> **WHAT THE TASK REQUIRES**: Set down, exactly as written, the lines from the line holding "Large scale administrative" to the end of the data, inclusive, skipping any pictures.

> **DATA SECTION**:
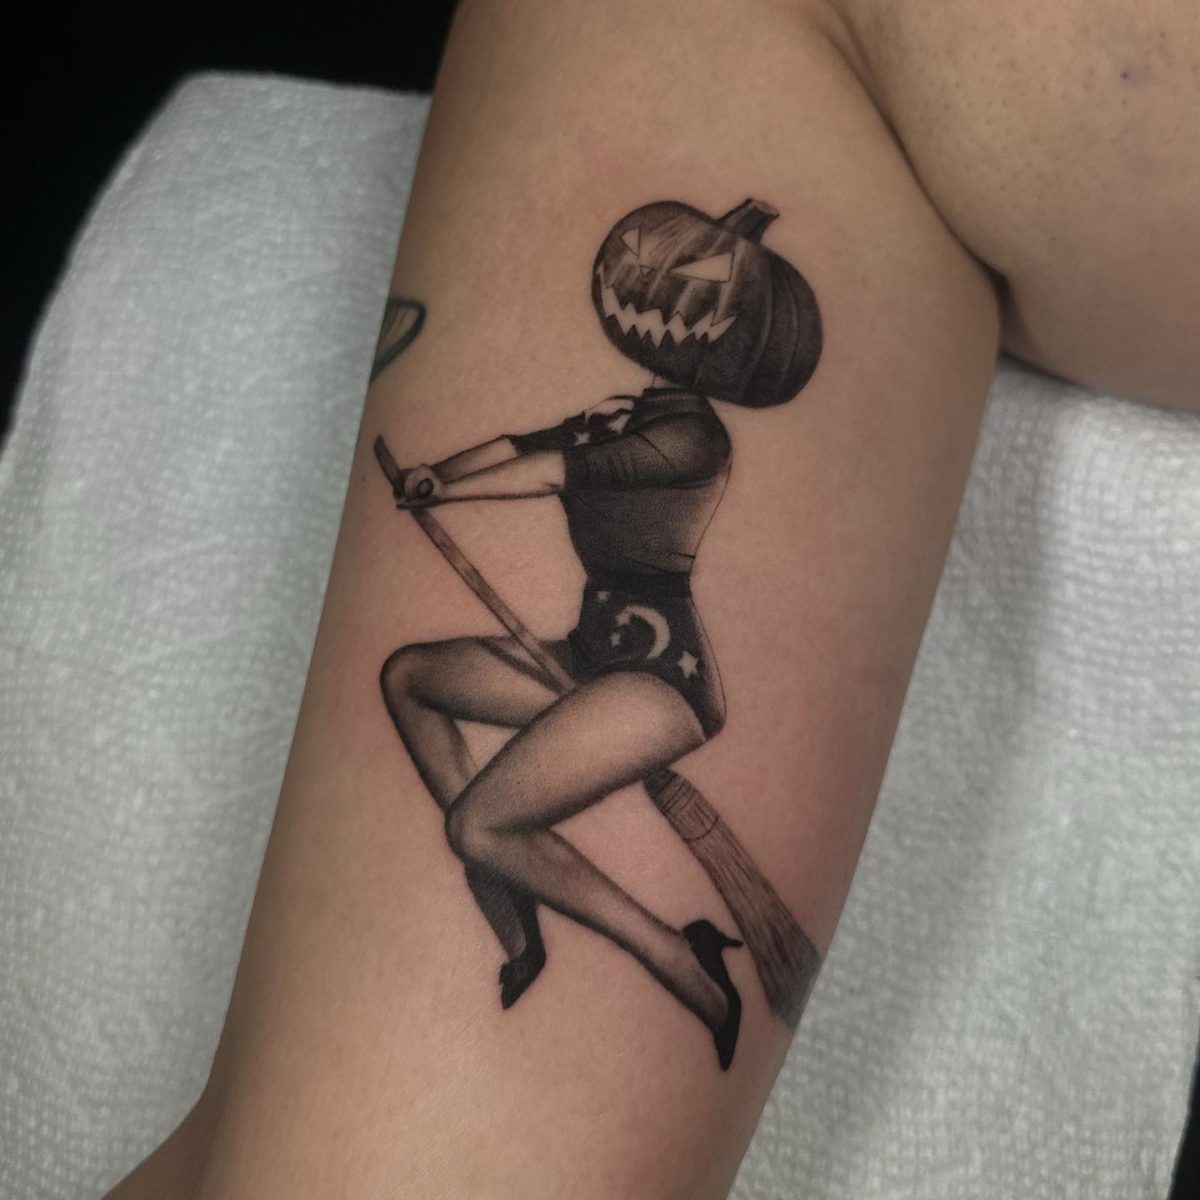 Spooky Season tattoos 
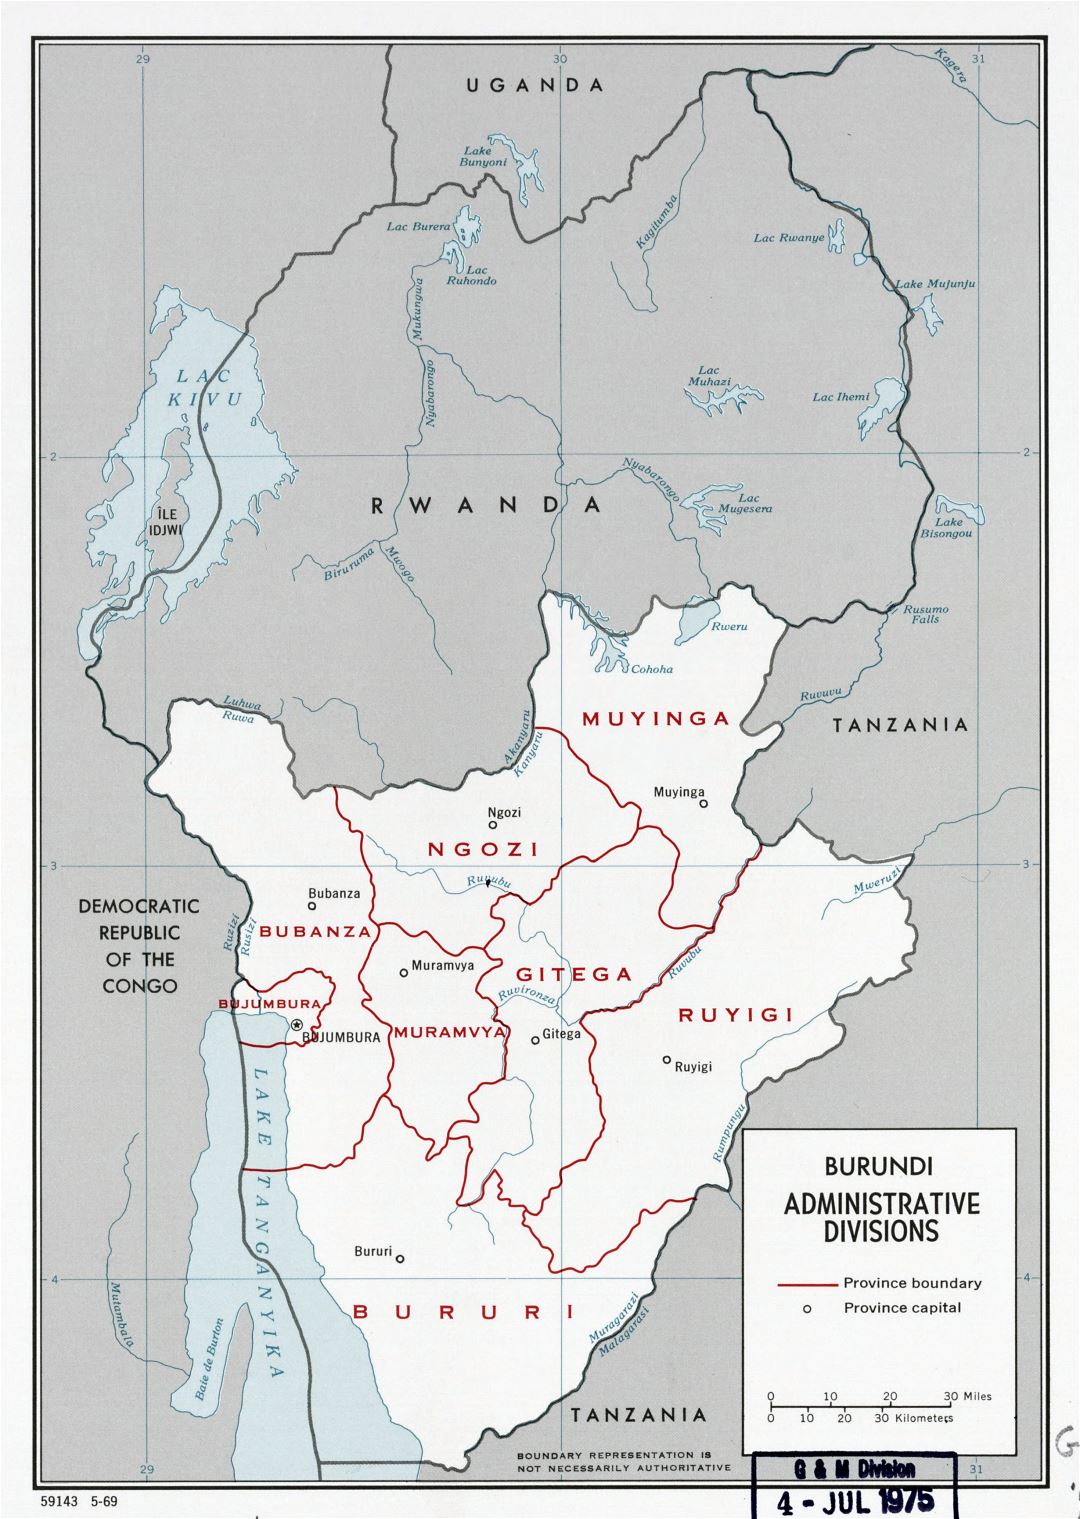 Large scale administrative divisions map of Burundi - 1969
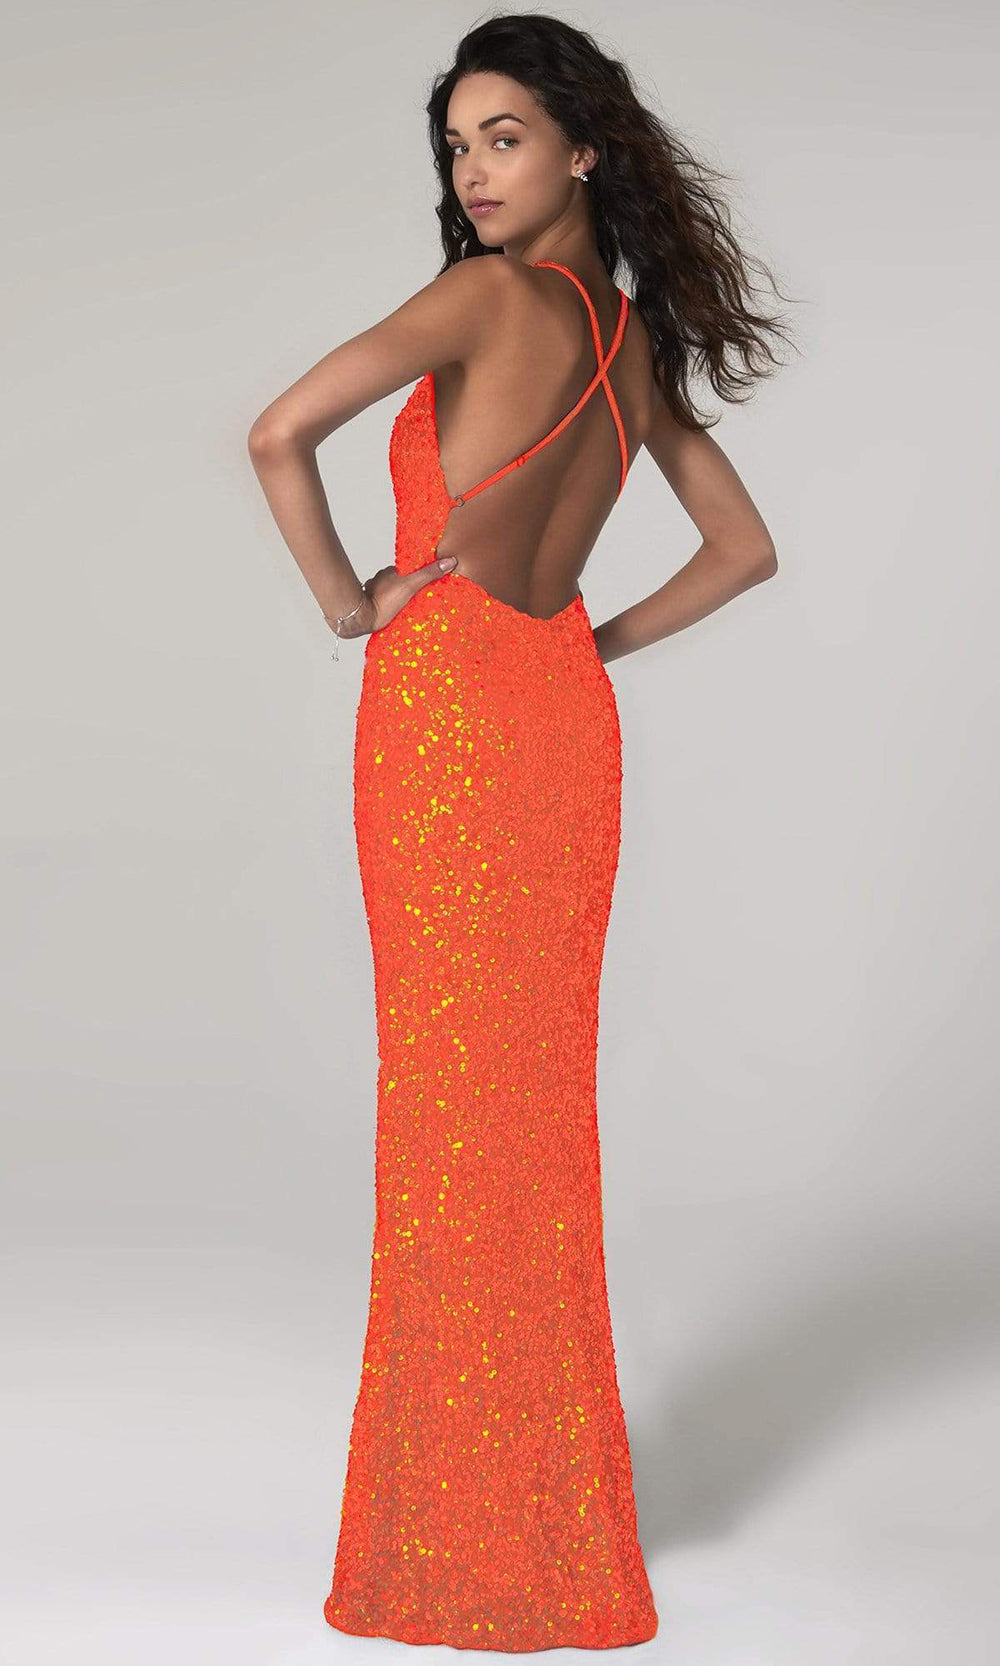 SCALA - Neon Sequined Column Dress 60141 - 1 pc Neon Orange In Size 10 Available CCSALE 10 / Neon Orange

> **OUTPUT OF THE EXERCISE**:
 Large scale administrative divisions map of Burundi - 1969
 SCALA - Neon Sequined Column Dress 60141 - 1 pc Neon Orange In Size 10 Available CCSALE 10 / Neon Orange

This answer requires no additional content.